= Beginning of Section =

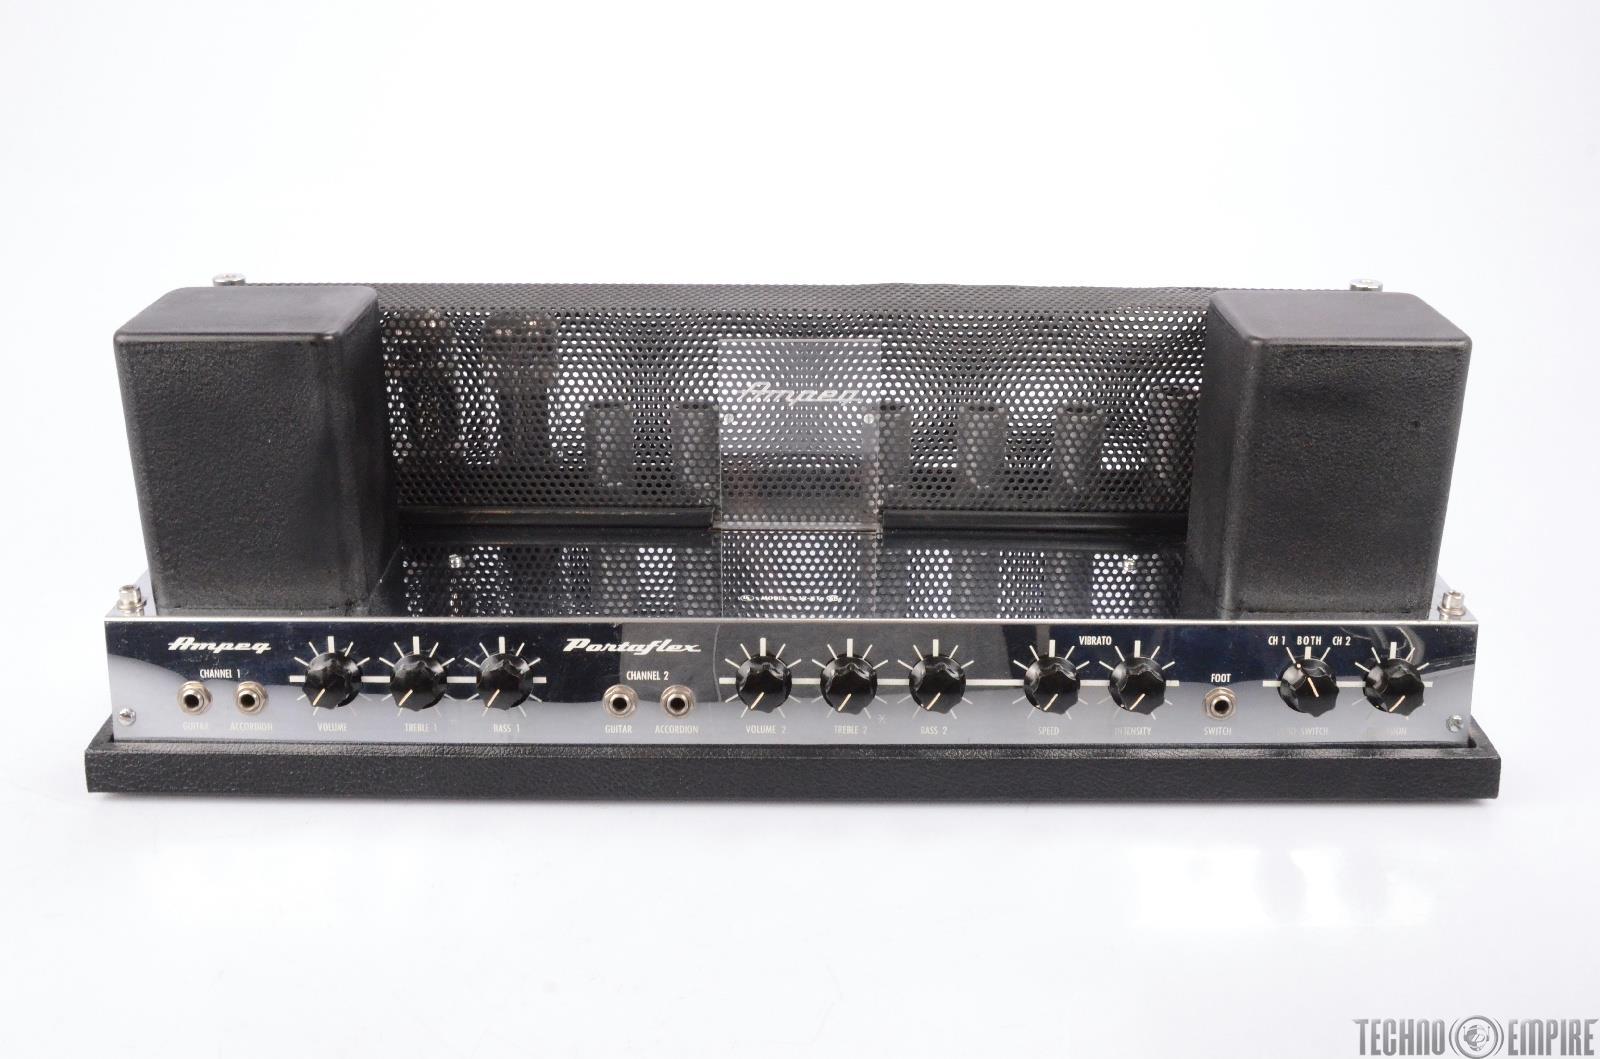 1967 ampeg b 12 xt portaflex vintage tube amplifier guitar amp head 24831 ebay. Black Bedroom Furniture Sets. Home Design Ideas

= End of Section =
= Beginning of Section =

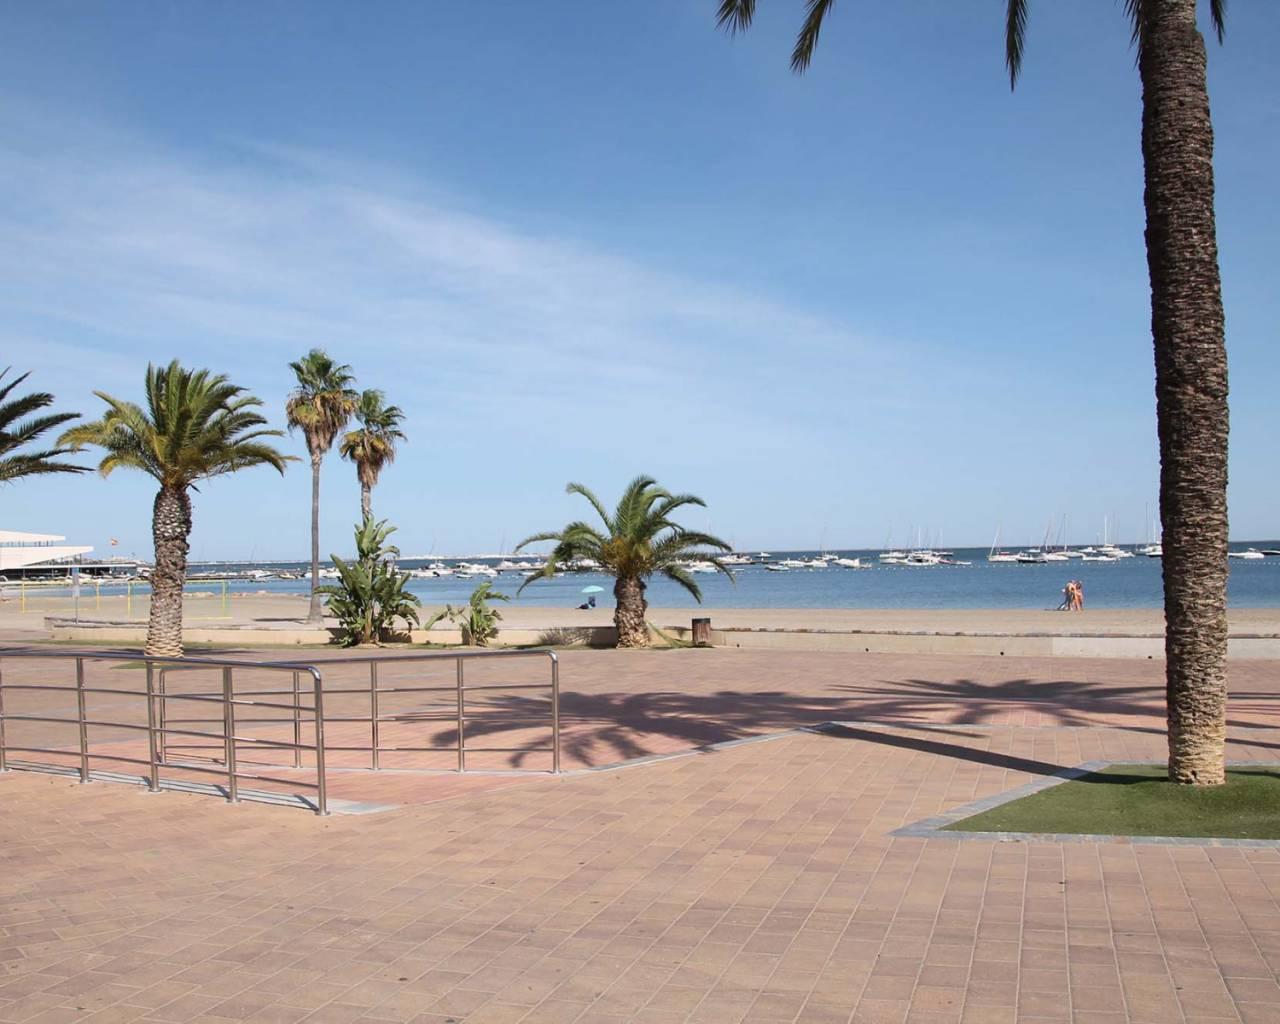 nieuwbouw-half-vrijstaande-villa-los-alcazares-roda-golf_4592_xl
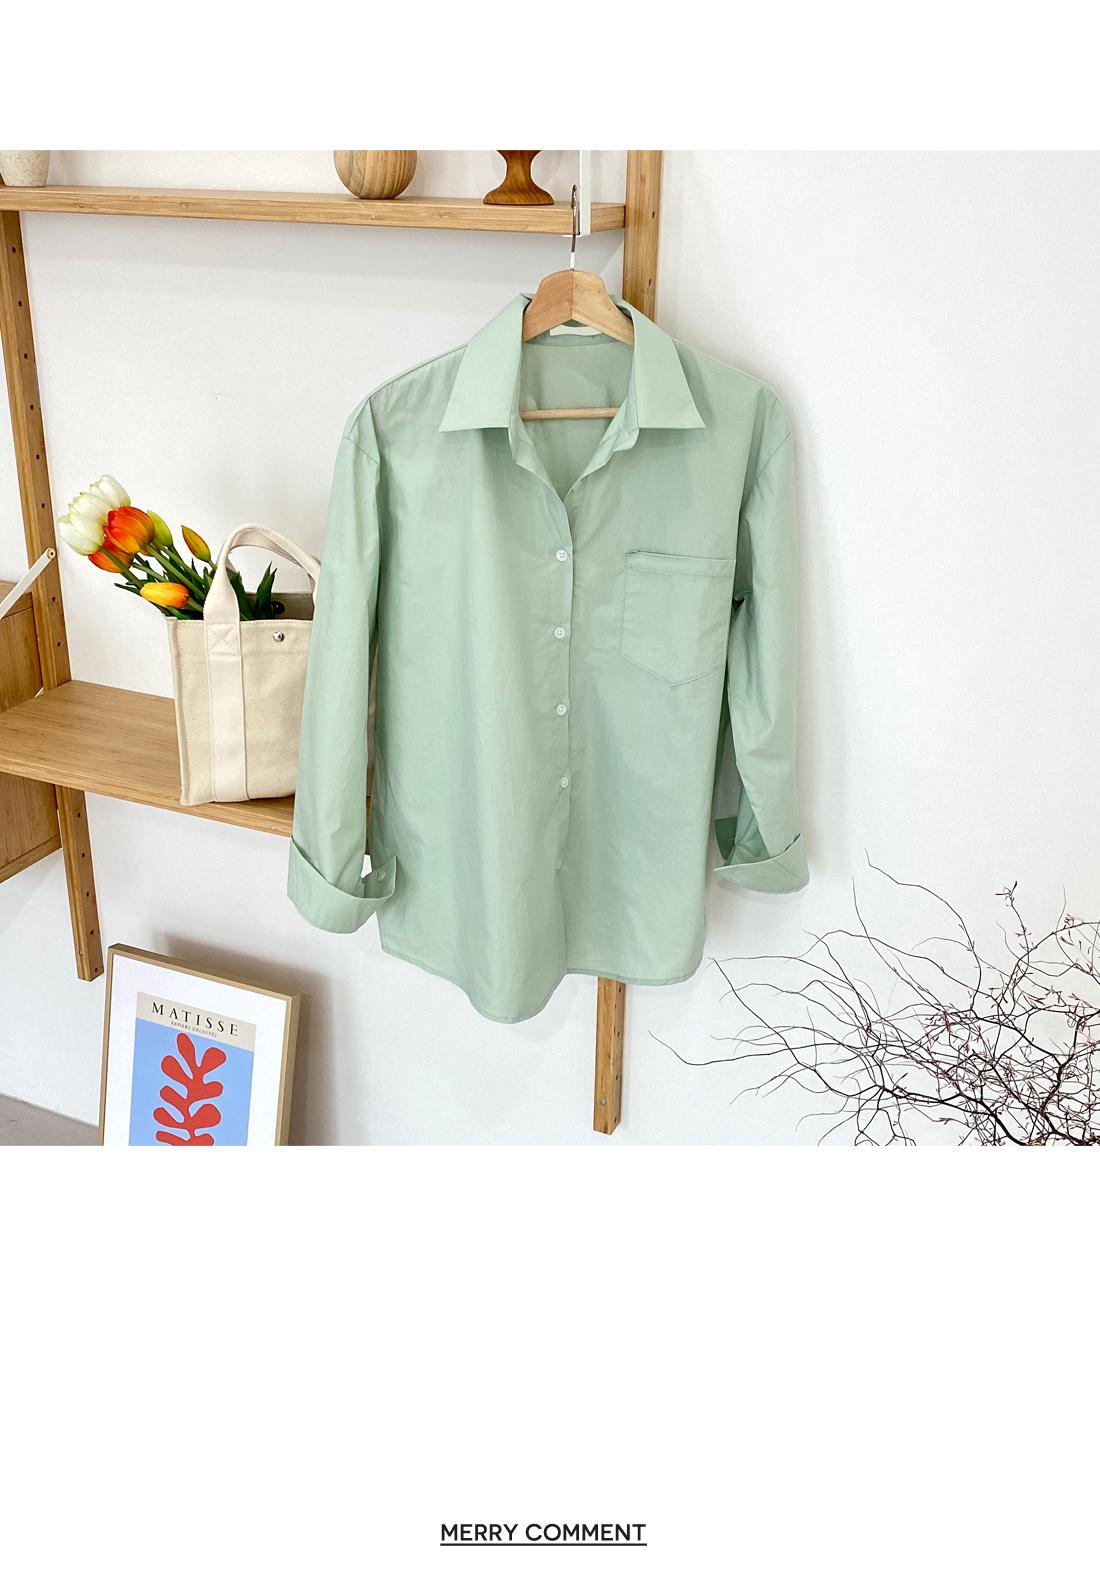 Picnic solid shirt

= End of Section =

_Exercise prompt_
Everything above from the line containing "nieuwbouw-half-vrijstaande-villa-los-alcazares-roda-golf_4592_xl" down to the line containing "Picnic solid shirt" is to be duplicated exactly, both lines included, and the pictures are to be omitted.

_Finished exercise_
 nieuwbouw-half-vrijstaande-villa-los-alcazares-roda-golf_4592_xl
 Picnic solid shirt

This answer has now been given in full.